Gene References Into Functions
  • Studies have shown that AtRALFL8 expression is induced in roots by both biotic and abiotic stresses. PMID: 23800991
Database Links

KEGG: ath:AT1G61563

STRING: 3702.AT1G61563.1

UniGene: At.36416

Protein Families
Plant rapid alkalinization factor (RALF) family
Subcellular Location
Secreted.
Tissue Specificity
Expressed in leaves and flowers.

Q&A

FAQs for Researchers on RALFL8 Antibody (Academic Research Focus)

Note: Based on current literature review, "RALFL8 Antibody" is not directly referenced in peer-reviewed publications or databases as of March 2025. This may indicate a typographical error (e.g., confusion with Rab8, Rab10, or other Rab-family antibodies) or a novel/unpublished target. Below is a template for antibody-related FAQs in academic research, generalized to align with methodologies from analogous antibody development studies (e.g., Rab protein antibodies, phospho-specific monoclonal antibodies).

Advanced Research Questions

  • How can I resolve conflicting data between RALFL8 antibody staining and functional knockout studies?

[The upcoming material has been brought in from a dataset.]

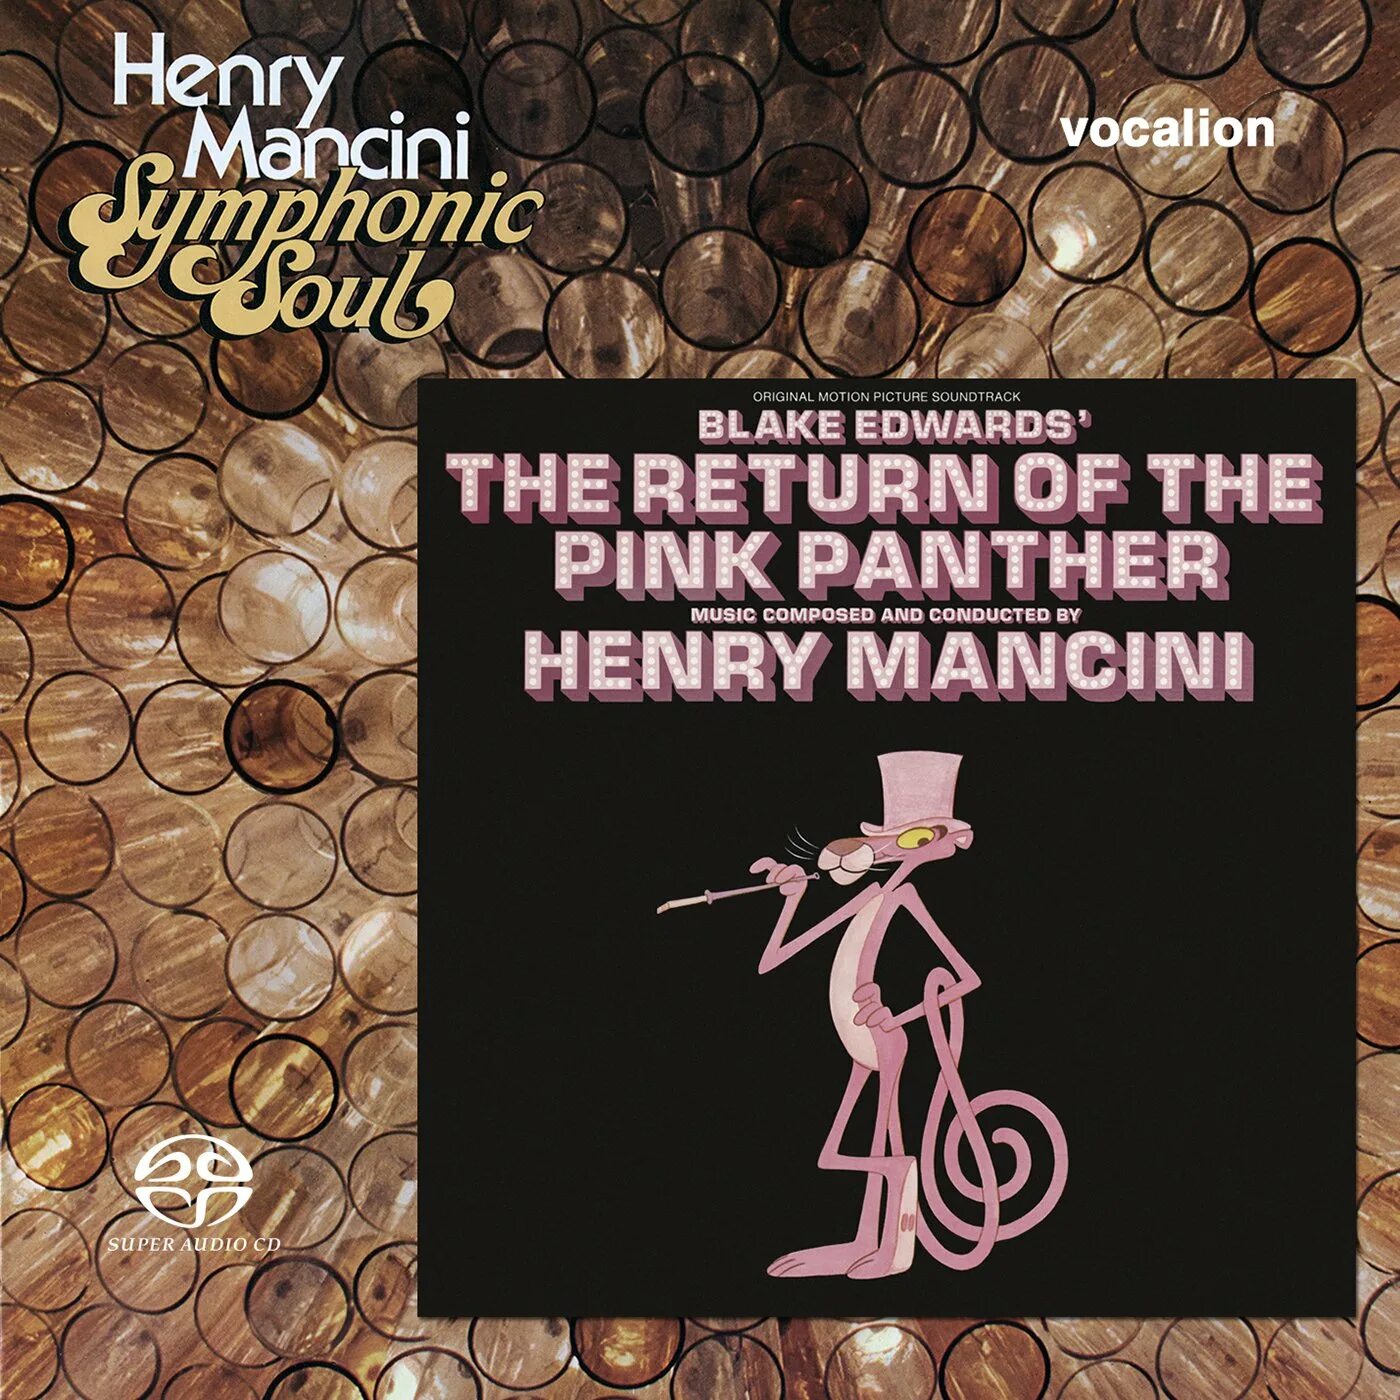 Henry Mancini - Return of the Pink Panther. Mancini - Pink Panther. Henry Mancini - Symphonic Soul. Henry mancini the pink panther
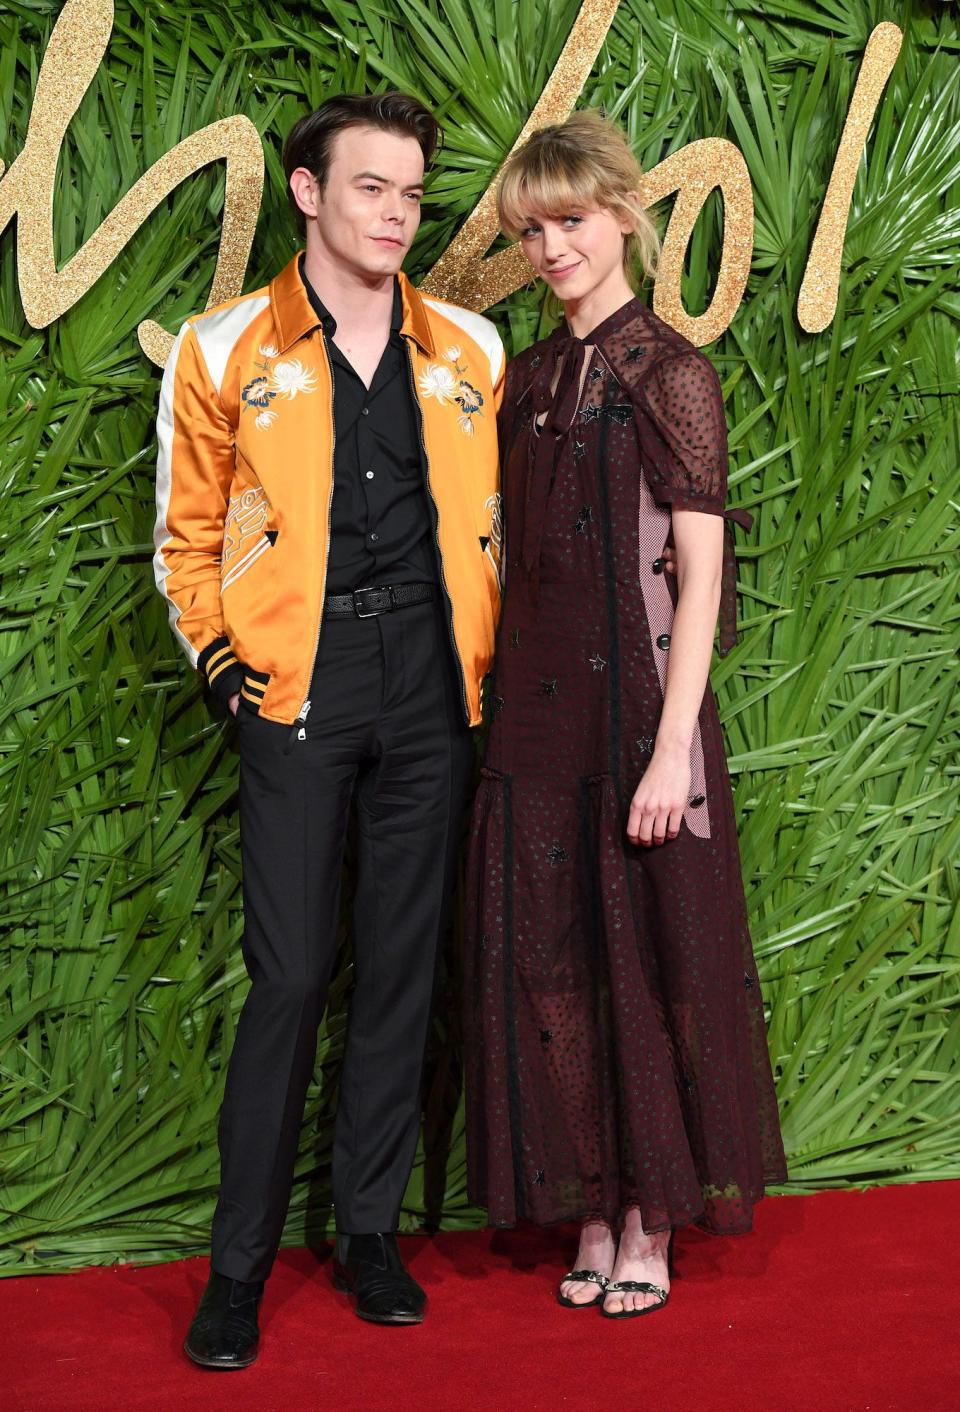 Charlie Heaton and Natalia Dyer at The Fashion Awards in England on December 4, 2017.

    • Troubleshooting steps:

      • Epitope mapping: Determine if the antibody binds a post-translationally modified form (e.g., phosphorylated RALFL8) versus the unmodified protein .

      • Cell fixation/permeabilization optimization: Test methanol vs. formaldehyde fixation to preserve epitope integrity .

      • Orthogonal validation: Combine antibody data with CRISPR-Cas9 editing or transcriptomics (RNA-seq) .

  • What computational tools are available to design RALFL8 antibody mutants for improved affinity?

    • Framework:

      • Use RosettaAntibodyDesign (RAbD) for structure-guided CDR grafting and energy minimization .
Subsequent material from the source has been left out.